I nodded, feeling my heart squeeze a bit, but not wanting to tell him that as a girl who played with her older brothers and their friends I knew how to throw a punch and where to land a kick. I did as he requested and followed him through the peeling-paint door and into an entryway that smelled of boiled cabbage and Robin’s room after he returned from a football match. Mail slots to the right listed the last names of tenants next to their flat numbers.
“There,” I said, pointing to the top right. “Villon—number 310.”
He nodded. “Come on. Doesn’t look like there’s an elevator so we’ll take the stairs. Stay close to me, all right?”
I nodded, my heart doing that odd squeezing thing again. We climbed to the third floor, listening to the lives of those behind the doors as we passed. A baby crying, a woman shouting. A man singing in Italian. It was all somehow sad, that the demoiselle’s husband should live here in this dismal, foul-smelling place.
When we reached number 310, we stopped and stared at the door where the word collaborateur had been painted in thick red letters in scarlet accusation. It appeared that someone had once tried to scrub it out, but the outline of the word remained like a ghostly reminder. We looked at each other for a moment and then Drew knocked on the door, beckoning for me to stand back. It took three knocks before we heard an epithet coming from behind the door, and then slow footsteps approaching.
“Who is it?” The French words were slurred.
Before Drew could speak, I stepped forward. “My name is Mrs. Barbara Langford and I’m with Mr. Andrew Bowdoin. Are you Pierre Villon? We’d like to talk to you about your wife, Marguerite Villon, and her connection to the de Courcelles family.”
“Daisy?” The door flew open, revealing an unkempt man with greasy hair that was more salt than pepper and a paunch that tested the integrity of the buttons on his dirty shirt. He was quickly trying to button the remaining buttons, the gaping holes displaying corpulent white skin and graying chest hair. The scent of cheap wine on his breath washed over us, making me almost choke. “I am Pierre. Come in, come in,” he said, beckoning us into the squalor of a one-room flat that reeked of spilled spirits. Which was a blessing, really, as underneath it all the stench of unwashed skin clung to the walls and moth-eaten rug like spilled milk.
“Who is Daisy?” Drew asked.
The little man looked up at Drew, the difference in their heights almost comical. Except the expression on the man’s face was anything but. The man responded in passable English. “Marguerite was her real name, but everyone always called her Daisy.” His eyes welled up with tears and I couldn’t help myself from touching his arm and leading him to a sofa. I sat down with him, ignoring the dark stains that could have been food or perhaps not. I preferred not to think of it.
“And what happened to Daisy?” I asked gently, holding on to his hand. I heard Drew take a deep intake of breath.
He shrugged his shoulders then returned to slumped defeat. “I don’t know.

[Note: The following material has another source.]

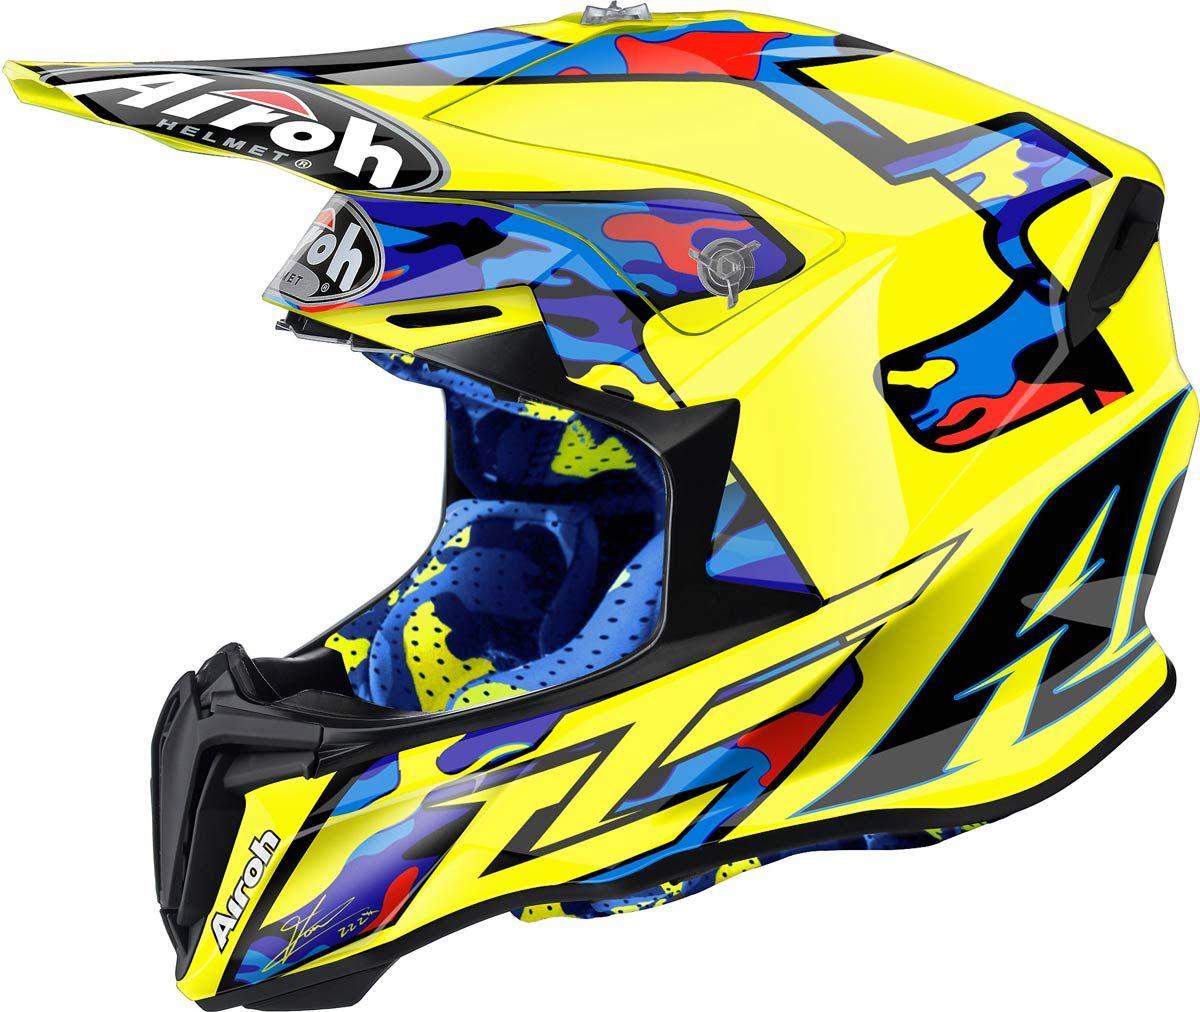 Airoh Twist Un Cross Italien à Moins De 200 Helmets Dirt Bike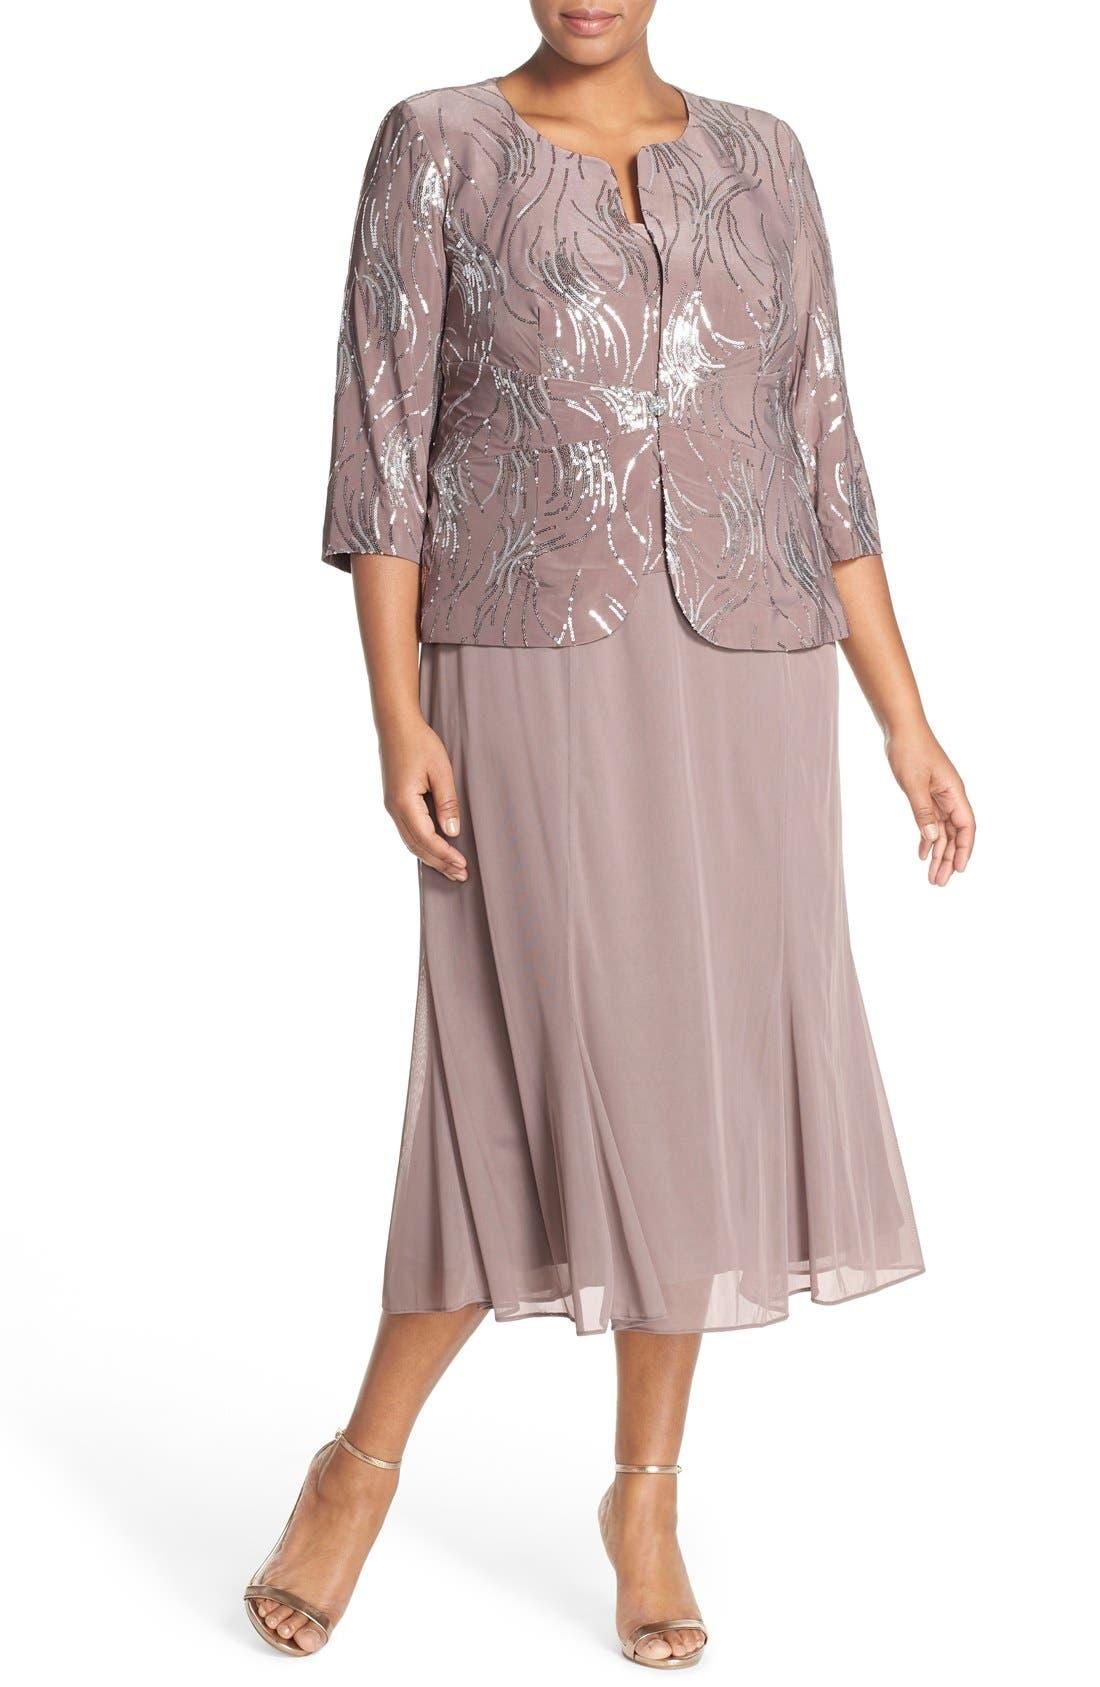 Plus Size Alex Evenings Sequin Mock Two-Piece Dress With Jacket, Metallic

She disappeared during the war, along with Madeleine and Olivier.”
“Your children?”
“Yes. A boy and a girl.” He shook his head sadly. “I never saw them again, either.”
“I’m sorry,” I said. I started to ask him to tell me more about them, but Drew interrupted me.
“Did you ever hear from Daisy or the children? To let you know that they’re alive?”
Pierre perked up for the first time. “Not a letter, but a photograph. It was sent to me anonymously when I was in prison.” He stood and slowly shuffled to a bedside table with a single drawer, its knob missing. With the stubby end of a finger he pried it open and then removed a single photo. He looked down at it for a long moment, letting out a sigh of despair sounding as if it had come from his every pore.
“They are older in this photograph than they were when I last saw them, which means they survived the war, yes?”
“Yes, it would,” I said with as much confidence as I could muster. There was no need to crush the last hope this man had managed to cling to. I took the photograph as Drew moved to stand next to me while we examined it. They were beautiful children, the daughter with two long dark braids, a few years older and slightly taller than her brother. They appeared to be in the awkward early teen years, the evidence of childhood fading from the boy’s rounded cheeks and the girl’s wide eyes, their legs long and spindly like a colt’s.
“They’re lovely,” I said, handing the photo back to Pierre.